Last week the council, together with its funding partners Stratford District Council and regional development agency Advantage West Midlands, announced that plans for a new pedestrian link had been ditched due to spiralling costs.
According to the authority, Ritchie’s design had ballooned in budget by almost 50 per cent from initial estimates of £2 million to nearly £3.3 million and would not represent ‘value for money’.
However Ritchie has hit back, claiming the council is ‘hiding behind figures’ and that the cancellation of the project, won in contest ahead of the likes of Spence Associates and Wilkinson Eyre in late 2006 (AJ 30.11.06), ‘has more to do local politics than costs’.
The architect has also questioned the council’s sums. He said: ‘Delays and inflation have increased costs of the stainless-steel bridge by approximately £600,000 – not £1.3 million.
‘In the latest stages of the design development our response to counteract inflation and bring the project back within budget has remained unanswered.’
He added: ‘We ask [the funders] to reconsider their decision and not to lose sight of their international agenda, commitment and responsibility.’

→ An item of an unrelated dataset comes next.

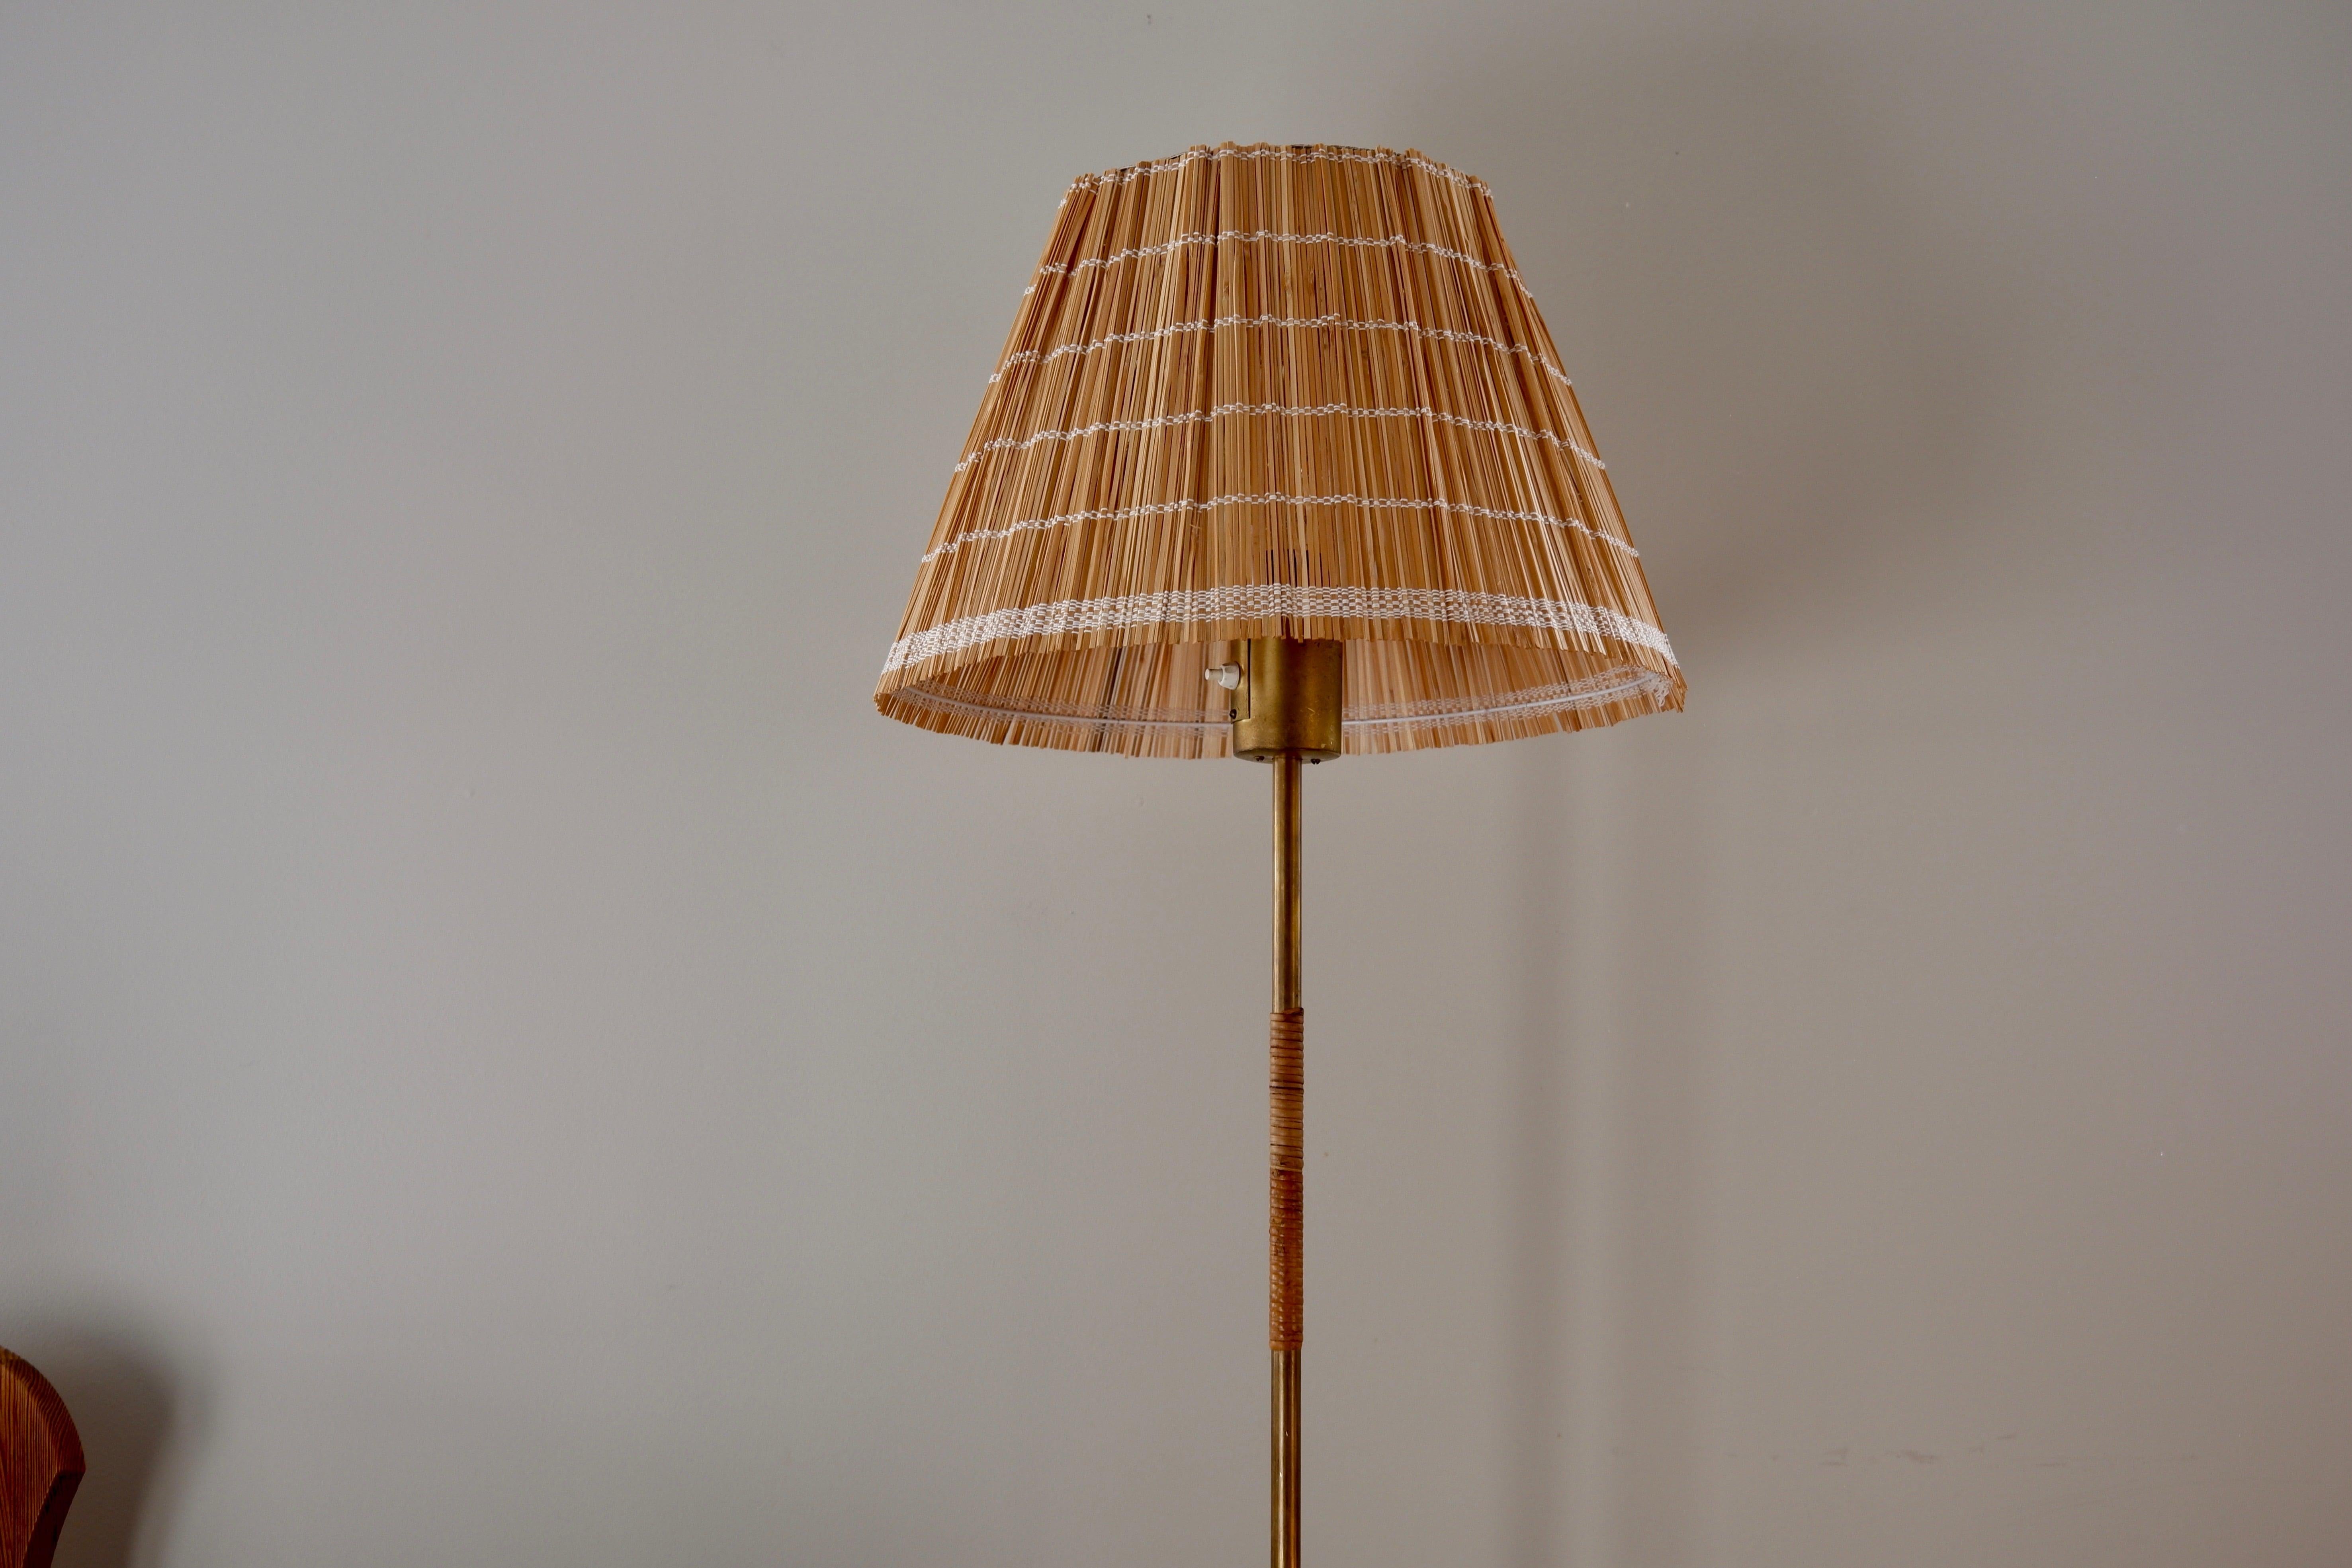 Impressive Paavo Tynell floor lamp design in the 50's and produced by IDMAN. The fllor lamp has a brass feet, core and head with a single lighting switch on top. the brass core is decorated with rattan which is orginal. The lamp is stamp by the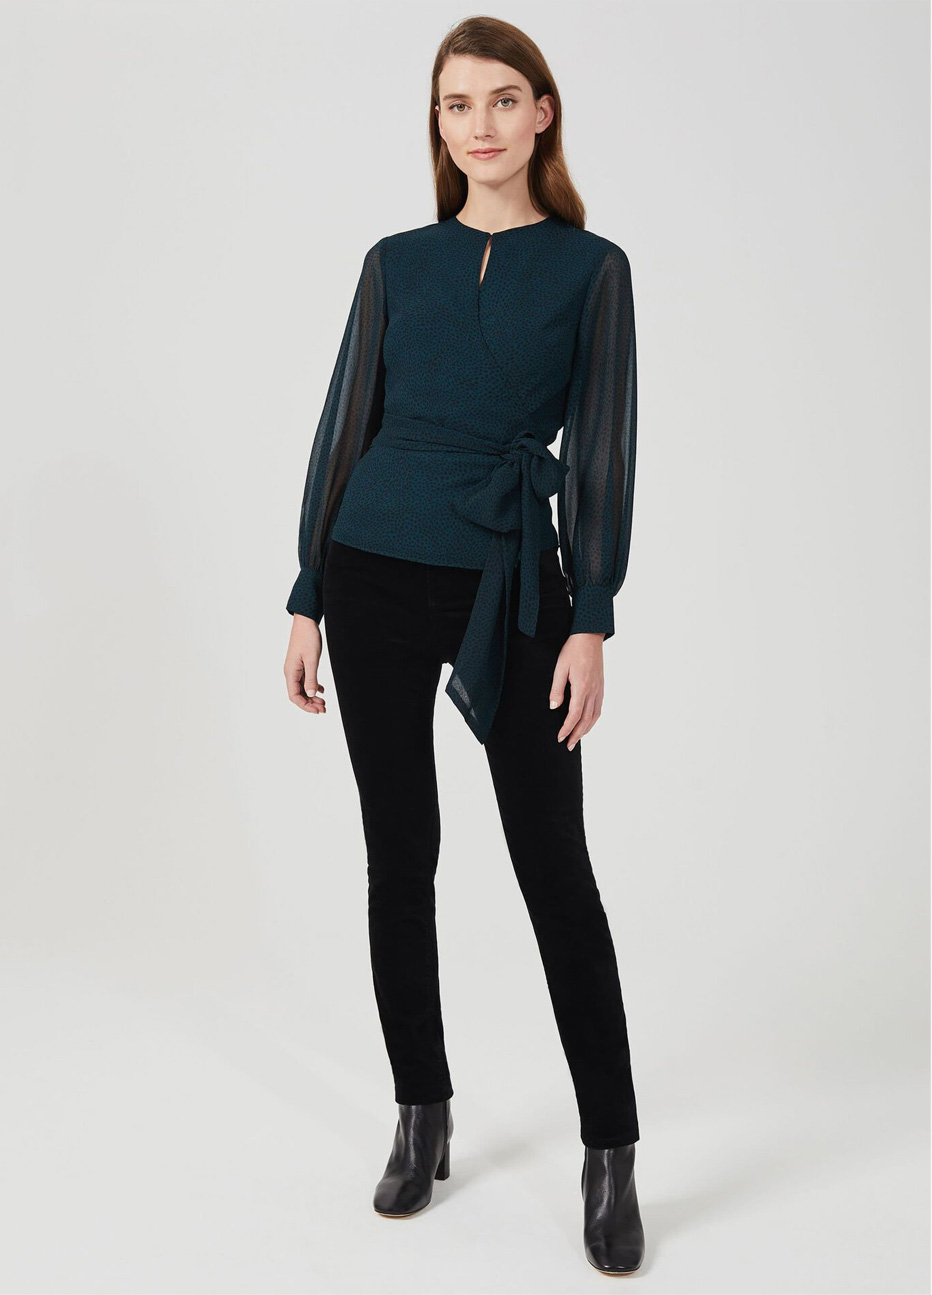 Hobbs model wearing a wrap blouse with sheer sleeves, styled with black fitted jeans and black leather boots.

The council has said is will now focus instead on the completion of other projects as part of the World Class Stratford programme, including the re-landscaping of the Bancroft Gardens – a scheme derided by Ritchie as ‘rearranging the flower-beds’.
Councillor Chris Saint, economic development portfolio holder for Warwickshire County Council and deputy chairman of the World Class Stratford Strategy Group, said: 'I am disappointed that Ian Ritchie Architects feel they have been misrepresented.
'Our revised budget figure of £3.3 million is a whole-project cost, including increases for widening the bridge, changes to access from the bridge to the Recreation Ground, new flood mitigation measures and enhanced public consultation activity.
'It was never intended that the £3.3 m was solely the construction costs related to higher material prices and inflation.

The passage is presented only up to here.